Records for this exercise
+ + +

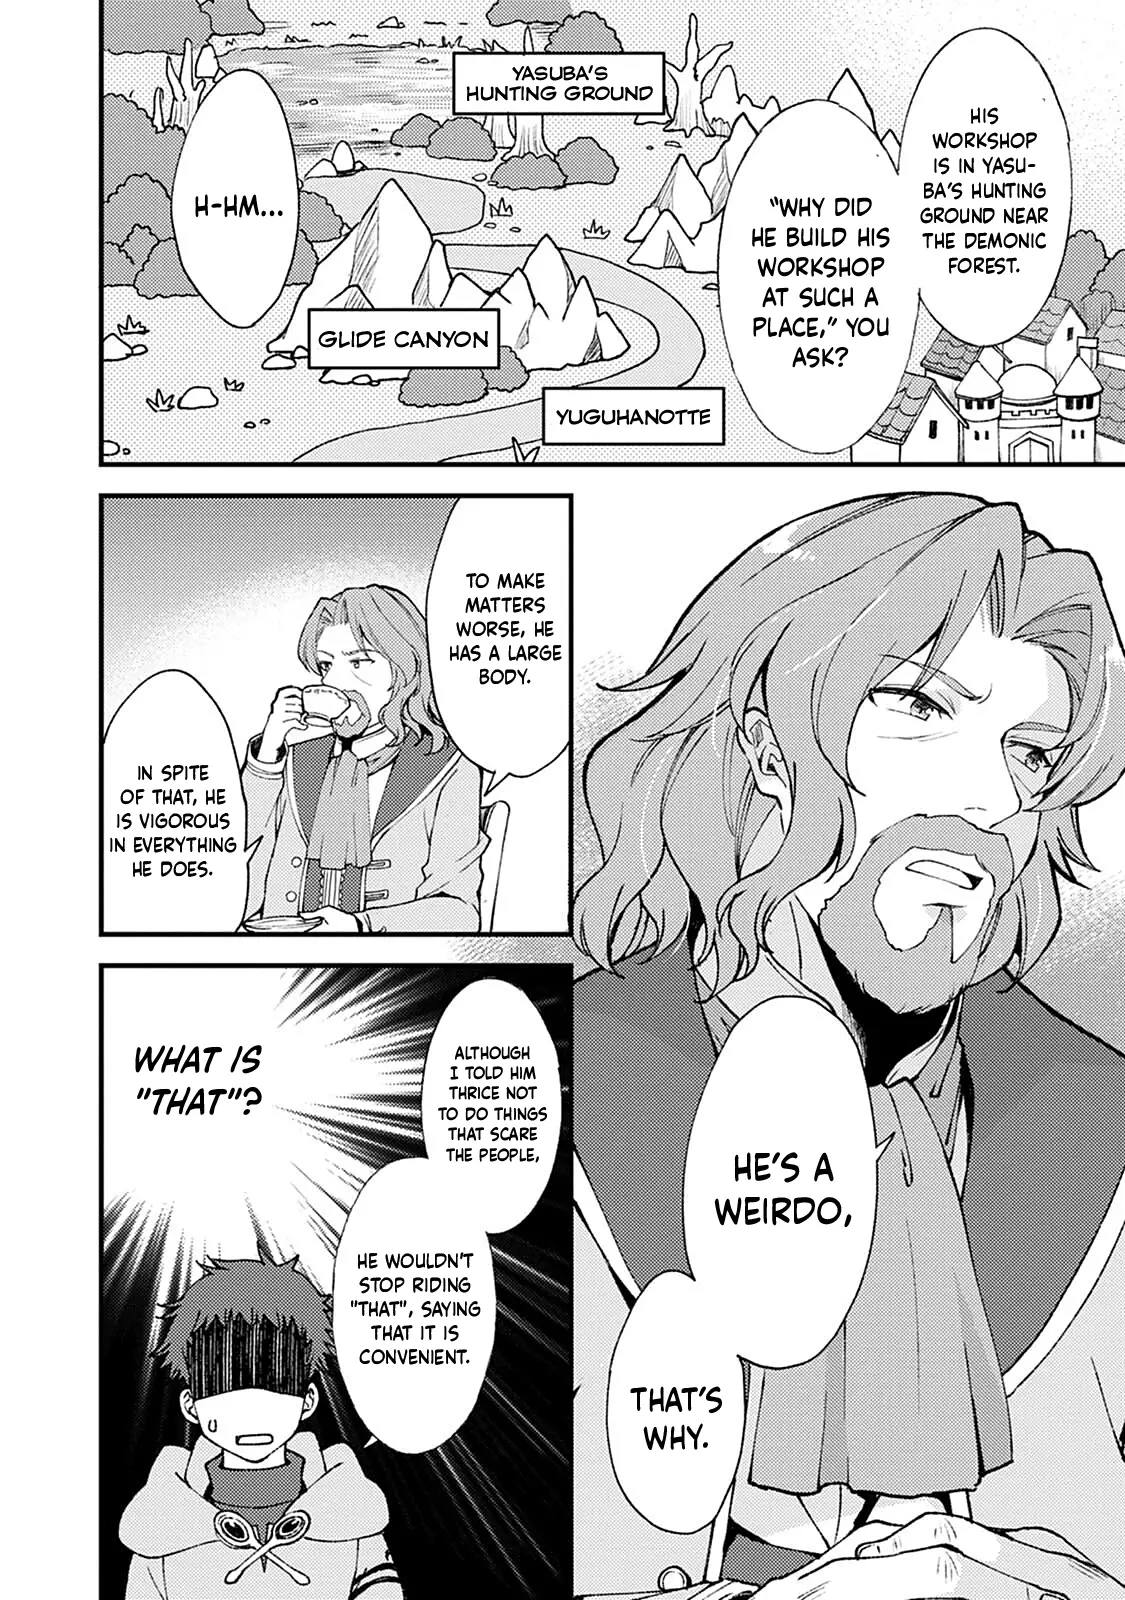 A Sword Master Childhood Friend Power Harassed Me Harshly, So I Broke Off Our Relationship And Made A Fresh Start At The Frontier As A Magic Swordsman - 8 page 17
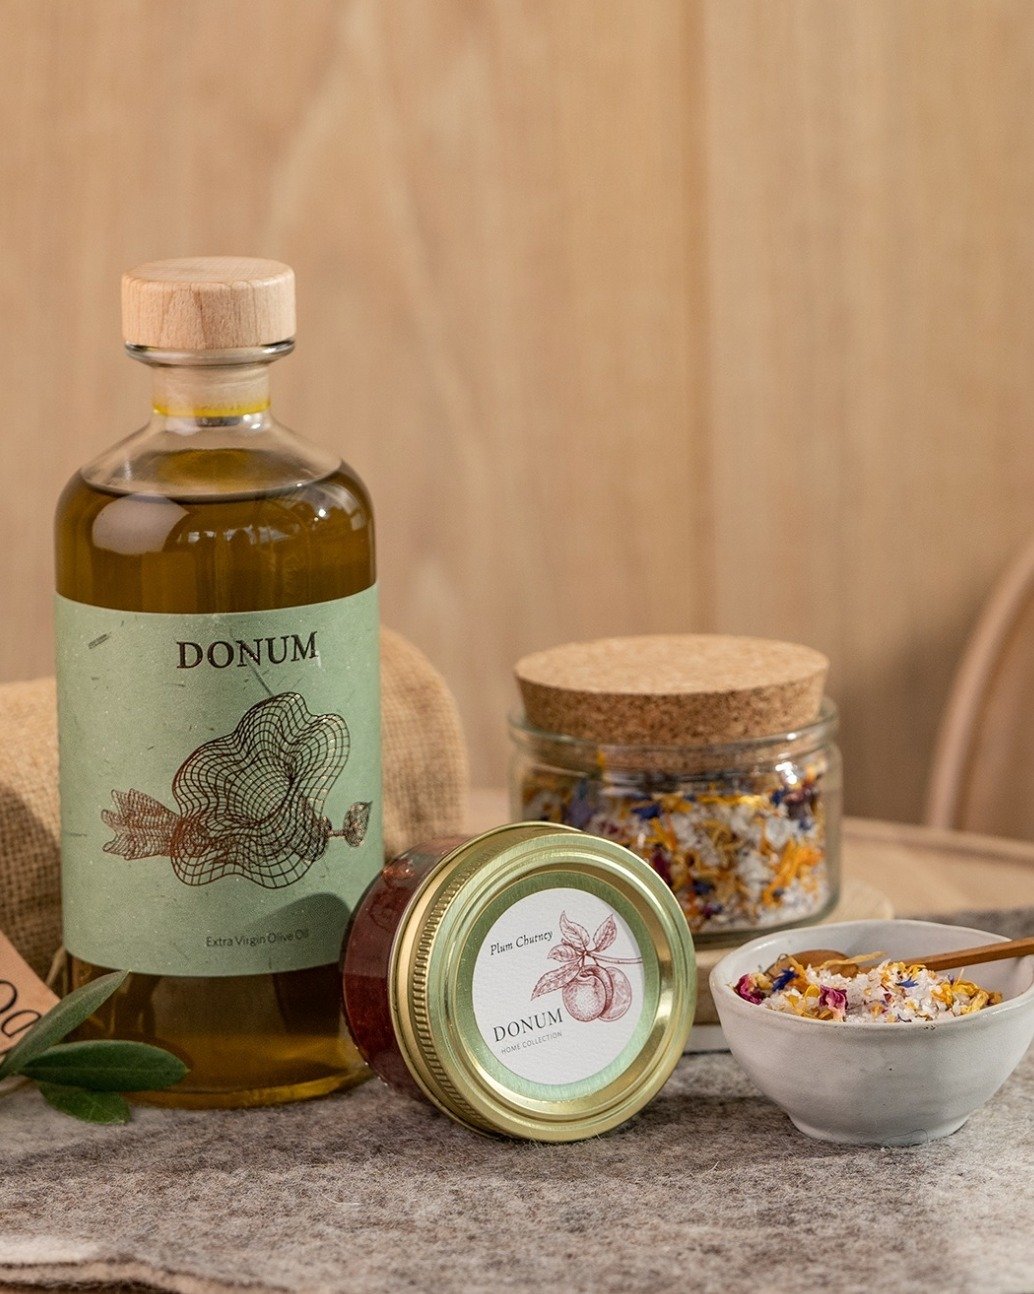 Enhance your culinary creations this spring with @donumestate's Carneros Culinary Gift Set. ⁠
⁠
Including their floral finishing salt, Estate Olive Oil and a jar of their Estate Plum Chutney, this set is guaranteed to elevate any seasonal dish.⁠
⁠
To
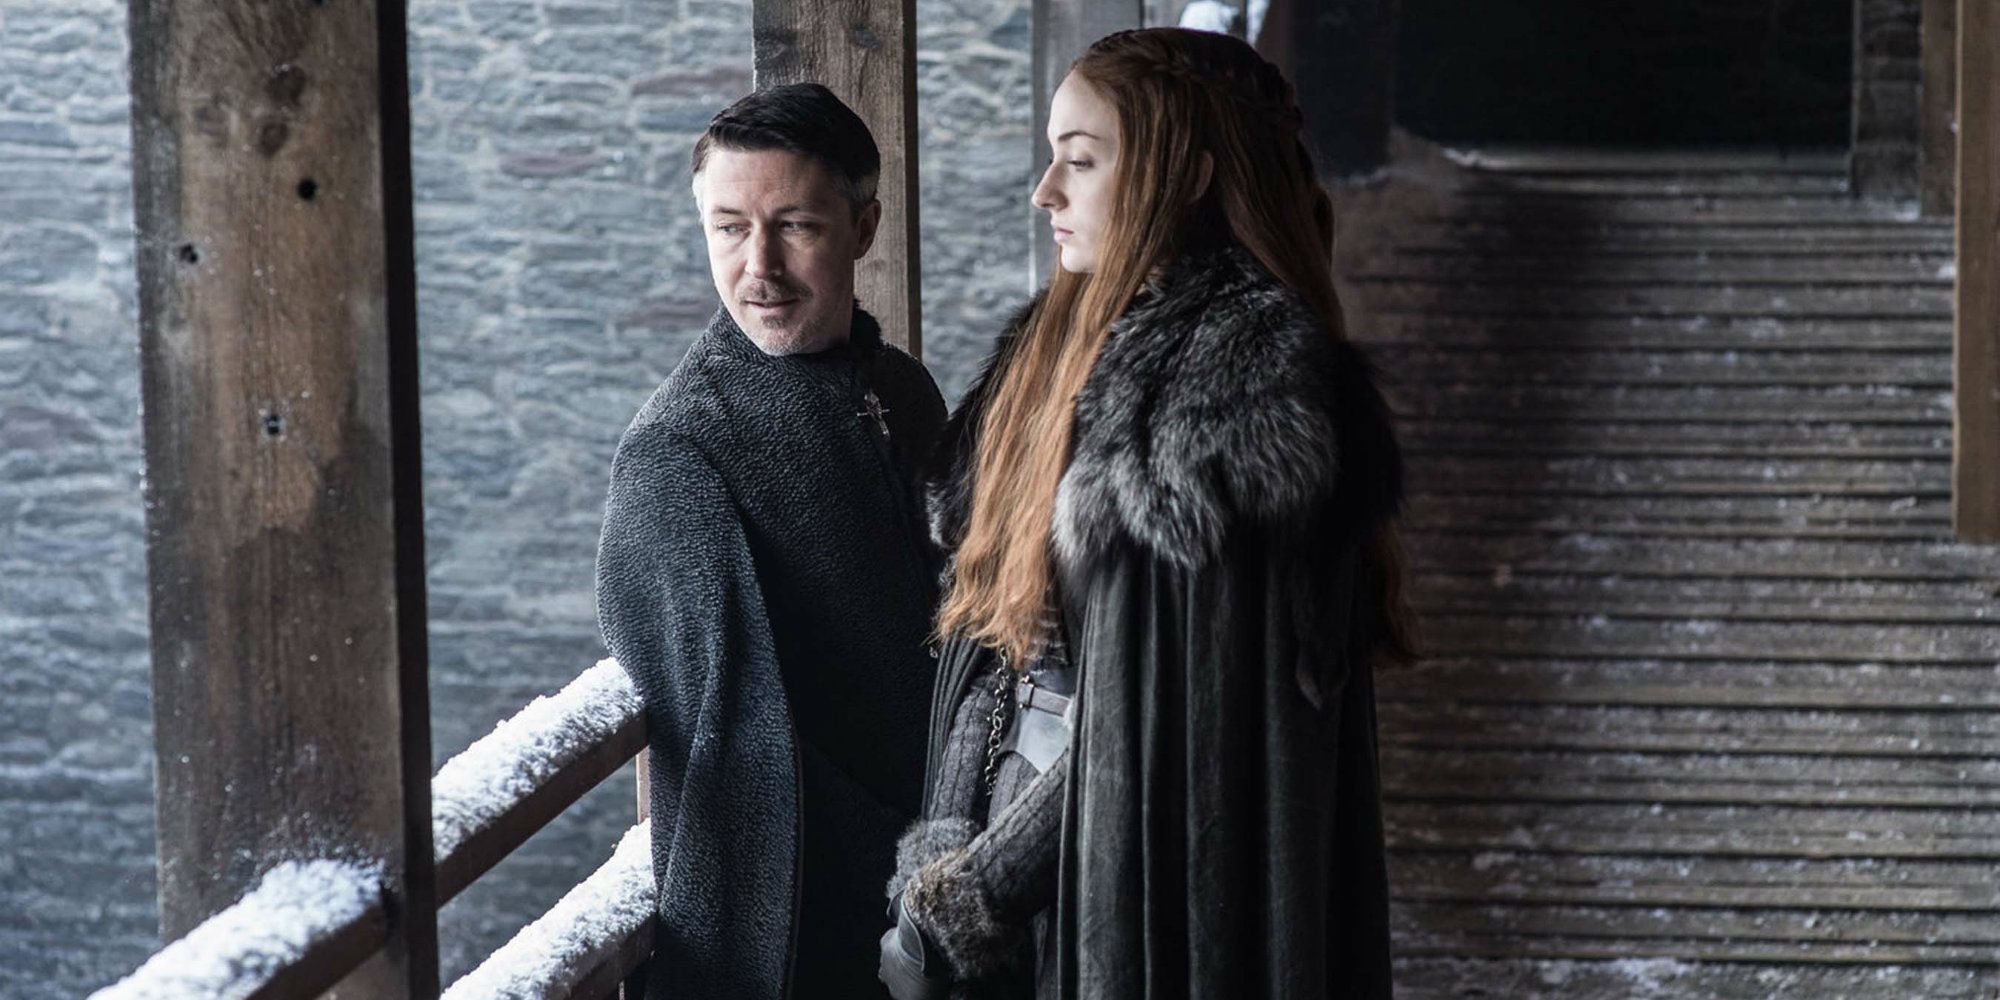 Littlefinger with Sansa at the Winterfell battlements in Game of Thrones.
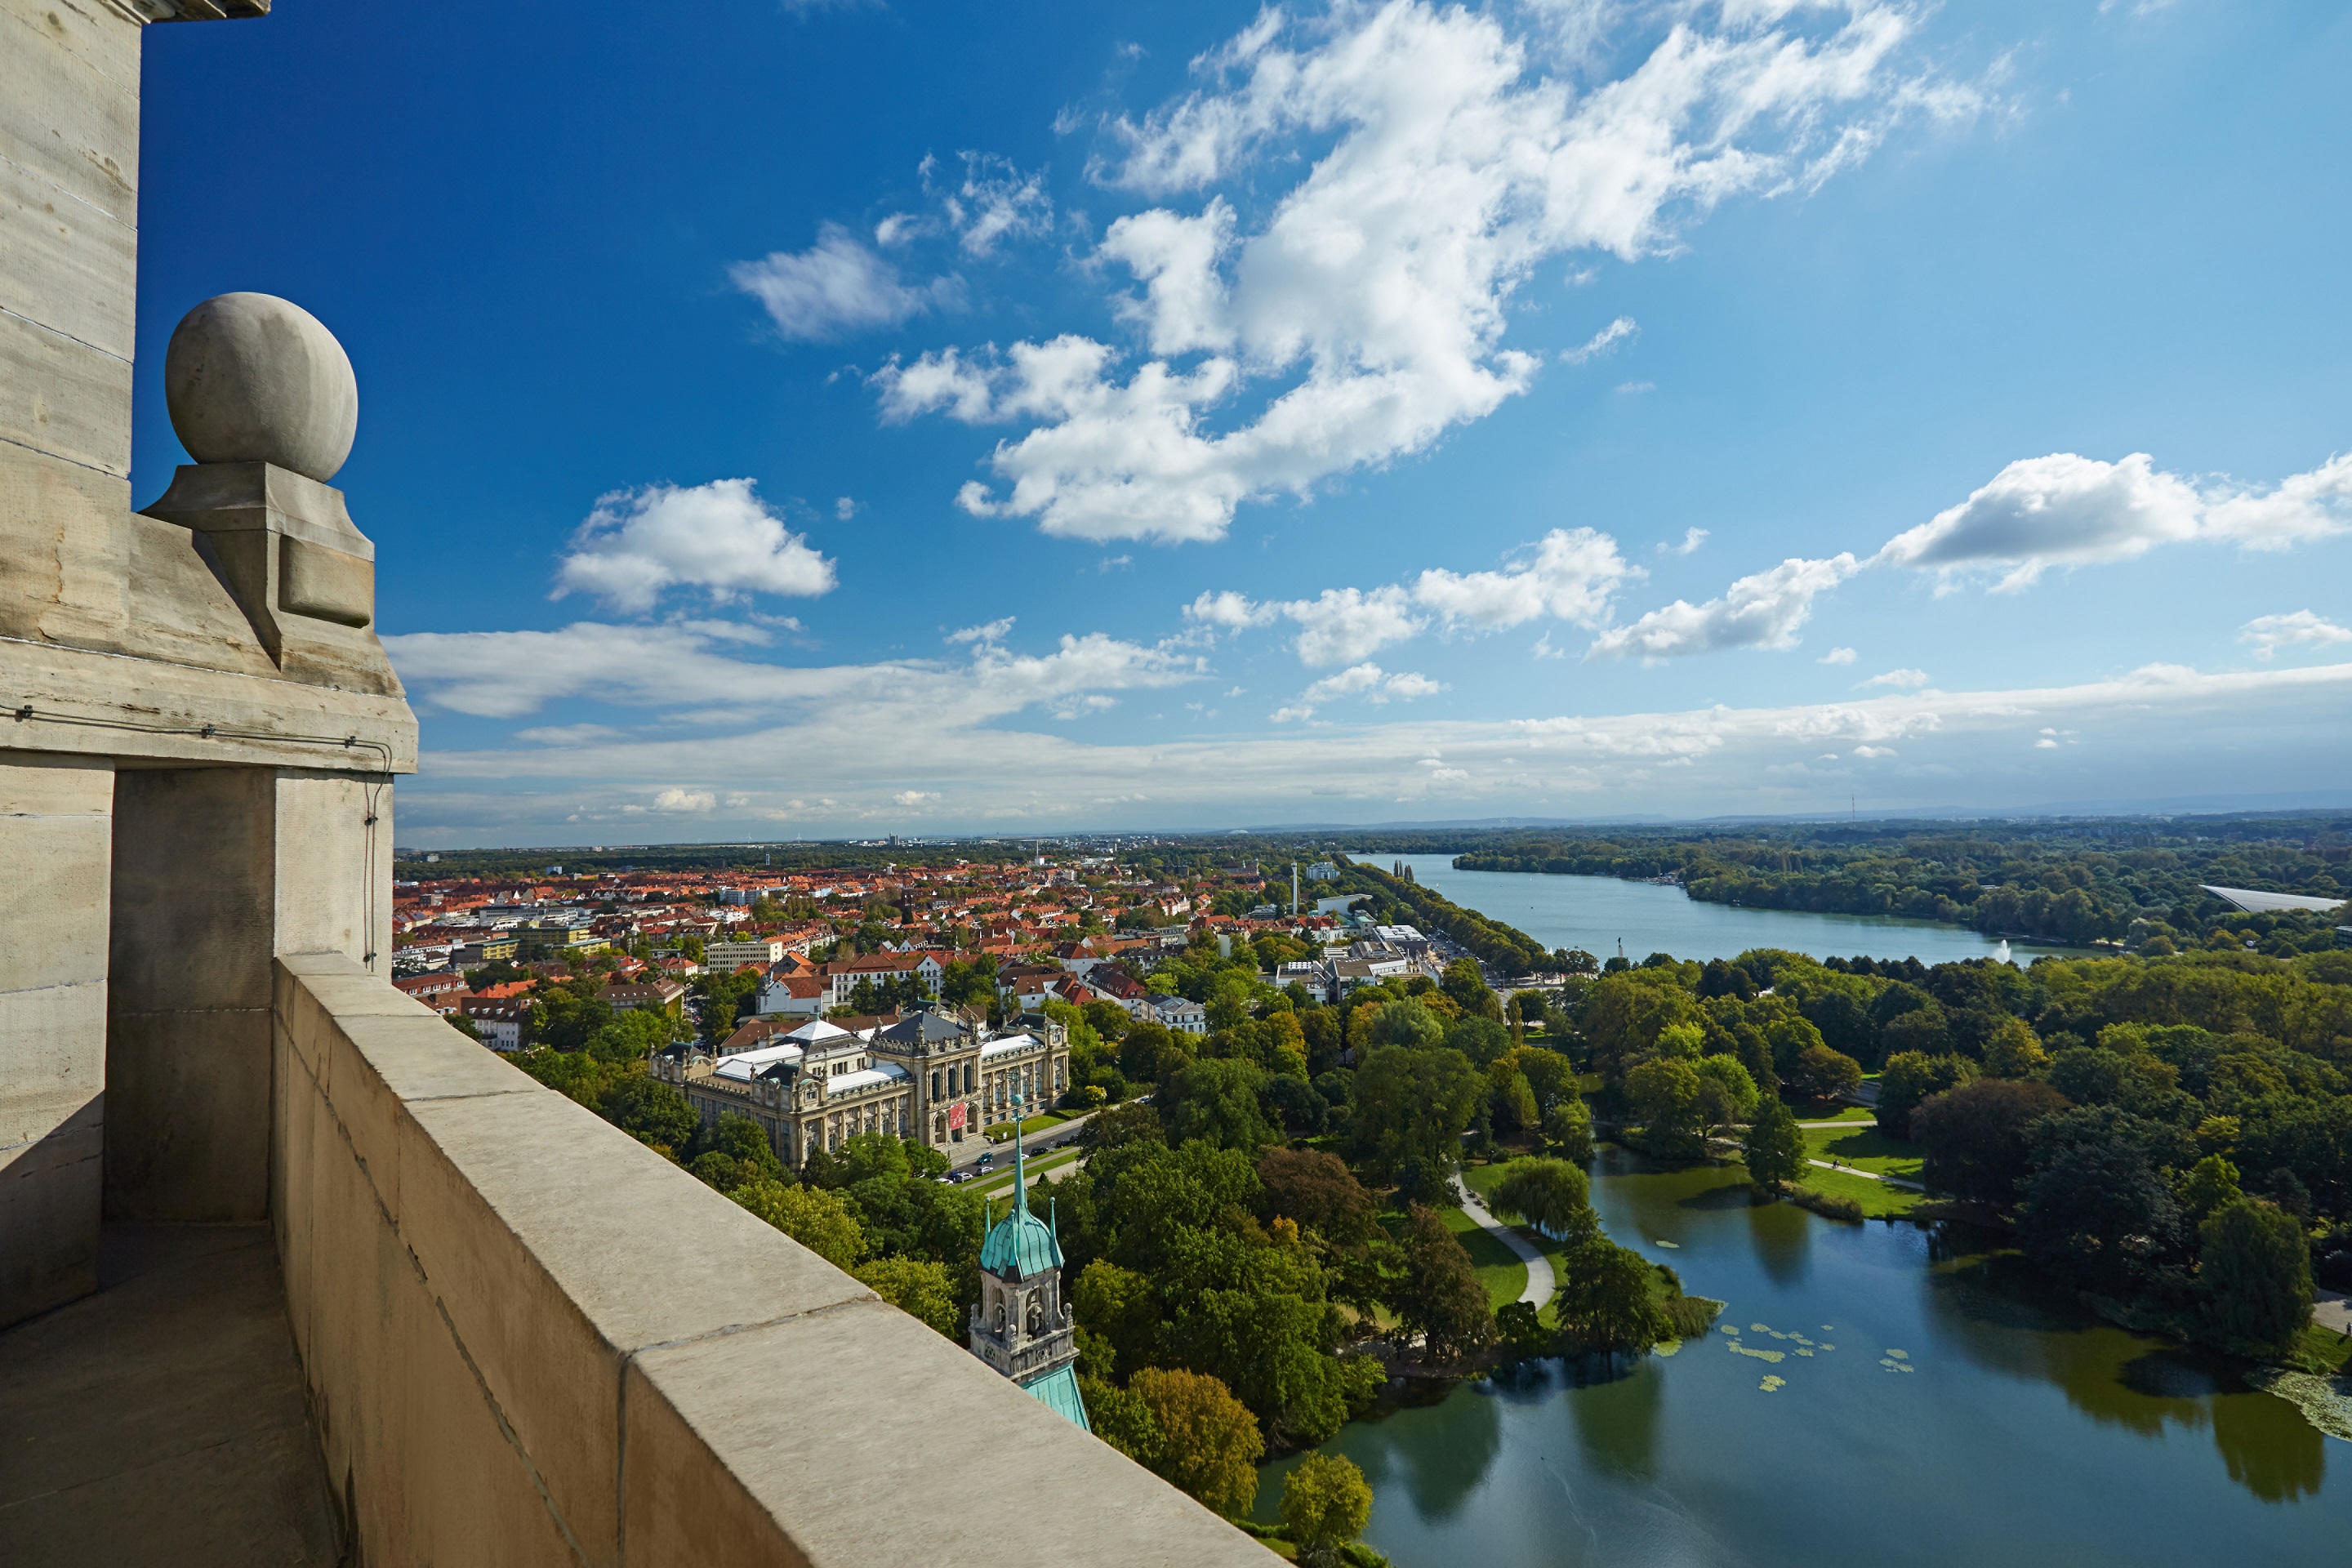 View from the town hall dome in Hanover on the Maschsee with the southern city.

+ + +

Required work
Repeat, exactly and in full, all the material above except its pictures.

Written response
 A Sword Master Childhood Friend Power Harassed Me Harshly, So I Broke Off Our Relationship And Made A Fresh Start At The Frontier As A Magic Swordsman - 8 page 17
 Enhance your culinary creations this spring with @donumestate's Carneros Culinary Gift Set. ⁠
⁠
Including their floral finishing salt, Estate Olive Oil and a jar of their Estate Plum Chutney, this set is guaranteed to elevate any seasonal dish.⁠
⁠
To
 Littlefinger with Sansa at the Winterfell battlements in Game of Thrones.
 View from the town hall dome in Hanover on the Maschsee with the southern city.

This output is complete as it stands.